On the sticky particle solutions to the pressureless Euler system in general dimension
In this talk we consider the pressureless Euler system in dimension greater than or equal to two. Several works have been devoted to the search of solutions which satisfy the following adhesion or sticky particle principle: if two particles of the fluid do not interact, then they move freely keeping constant velocity, otherwise they join with velocity given by the balance of momentum. For initial data given by a finite number of particles pointing each in a given direction, in general dimension, it is easy to show that a global sticky particle solution always exists and is unique. In dimension one, sticky particle solutions have been proved to exist and be unique. In dimension greater than one, it was shown that as soon as the initial data is not concentrated on a finite number of particles, it might lead to non-existence or non-uniqueness of sticky particle solutions.

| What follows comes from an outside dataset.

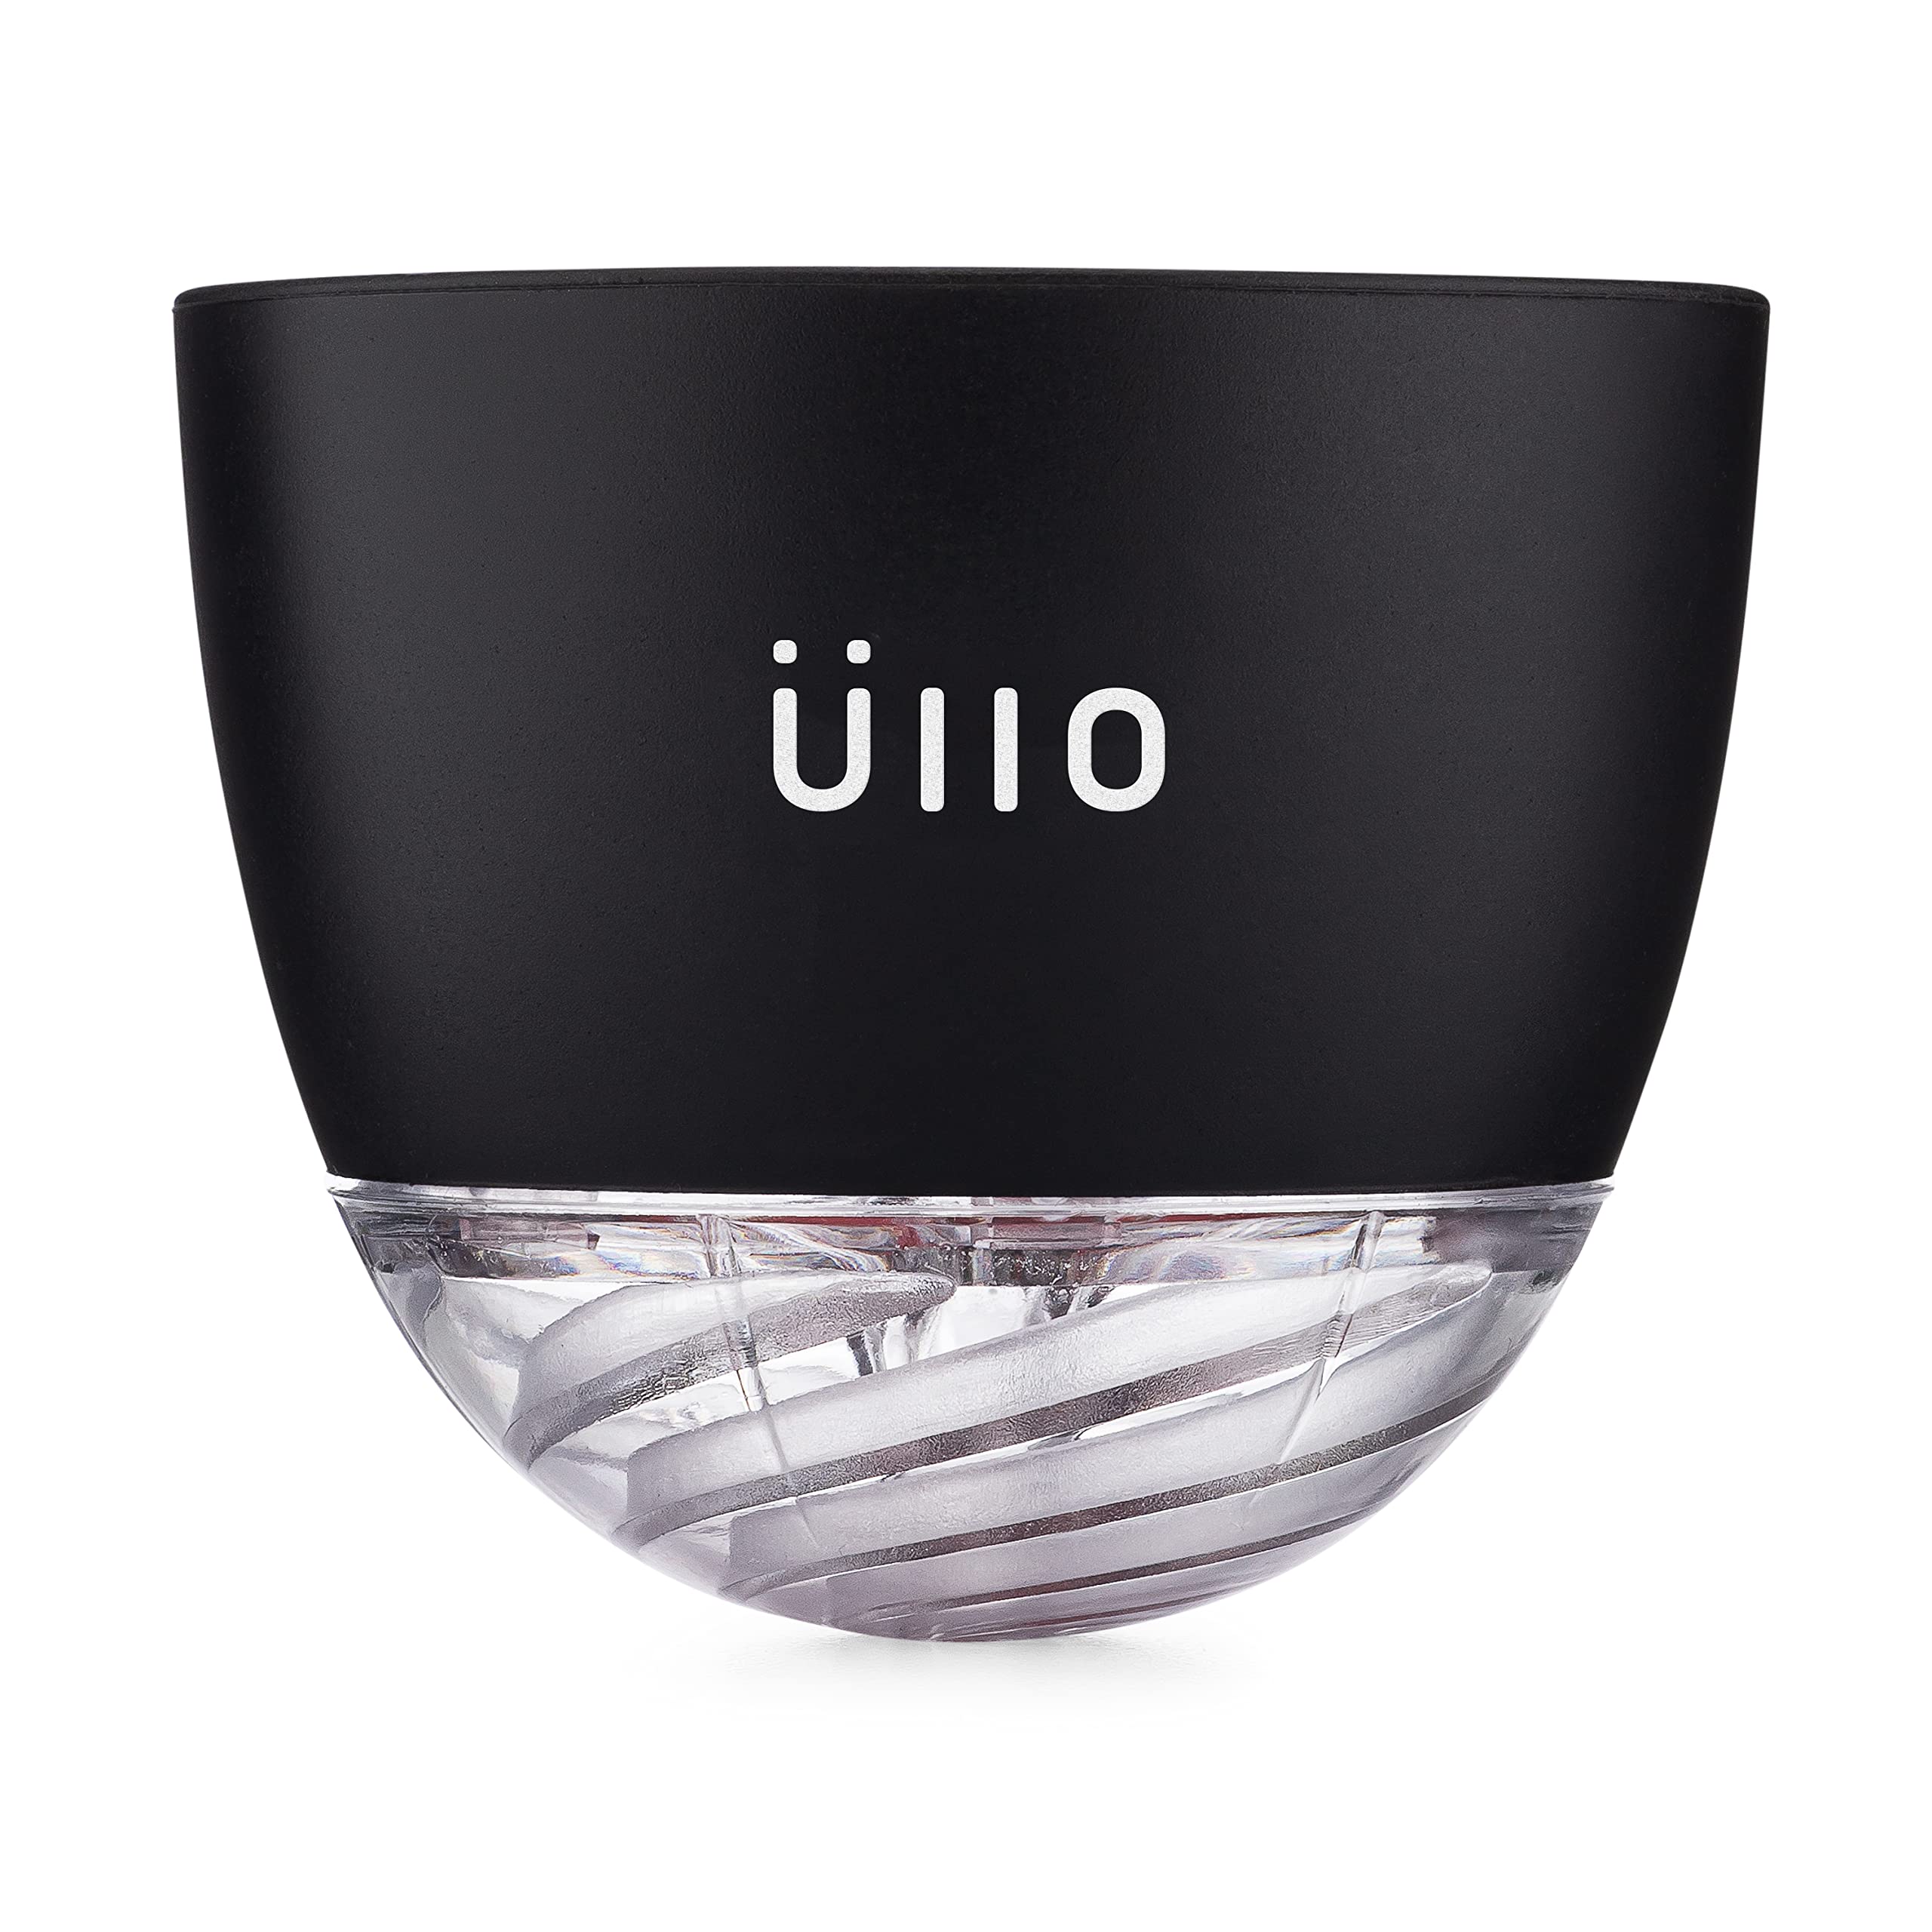 ULLO 带 4 个选择性亚硫酸盐过滤器的葡萄酒净化器。去除亚硫酸盐和组胺，恢复味道，通气，体验纯净葡萄酒的魔力。
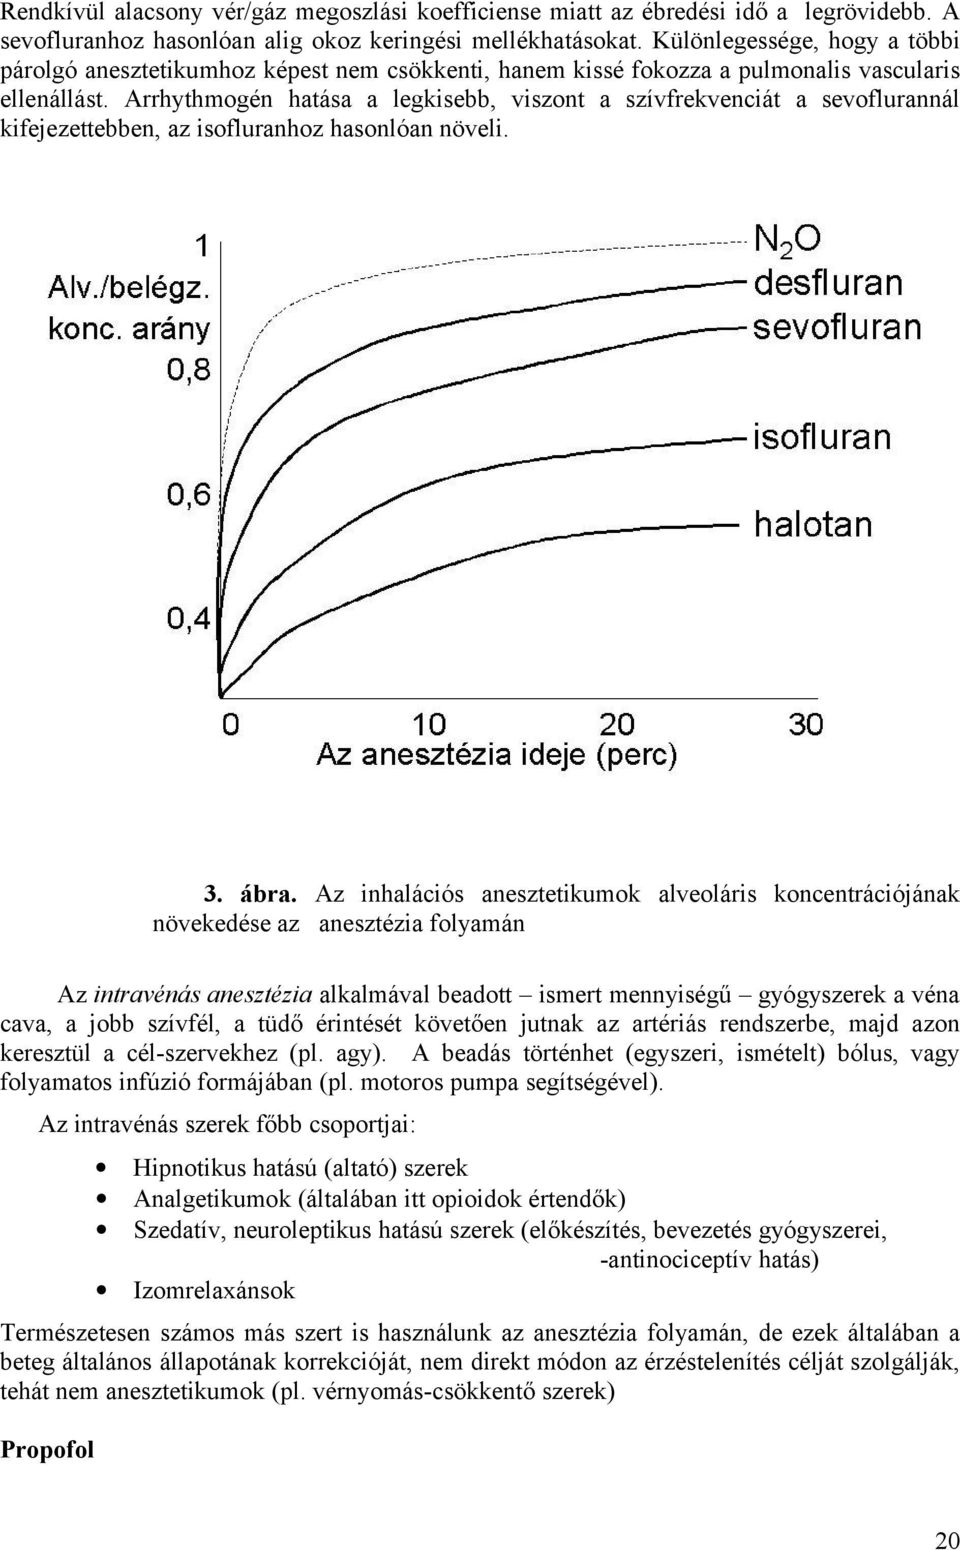 Arrhythmogén hatása a legkisebb, viszont a szívfrekvenciát a sevoflurannál kifejezettebben, az isofluranhoz hasonlóan növeli. 3. ábra.

In collaboration with S. Bianchini, we show that even though the sticky particle solutions are not well-posed for every measure-type initial data, there exists a comeager set of initial data in the weak topology giving rise to a unique sticky particle solution. Moreover, for any of these initial data the sticky particle solution is unique also in the larger class of dissipative solutions (where trajectories are allowed to cross) and is given by a trivial free flow concentrated on trajectories which do not intersect. In particular for such initial data there is only one dissipative solution and its dissipation is equal to zero. Thus, for a comeager set of initial data the problem of finding sticky particle solutions is well-posed, but the dynamics that one sees is trivial. Our notion of dissipative solution is lagrangian and therefore general enough to include weak and measure-valued solutions.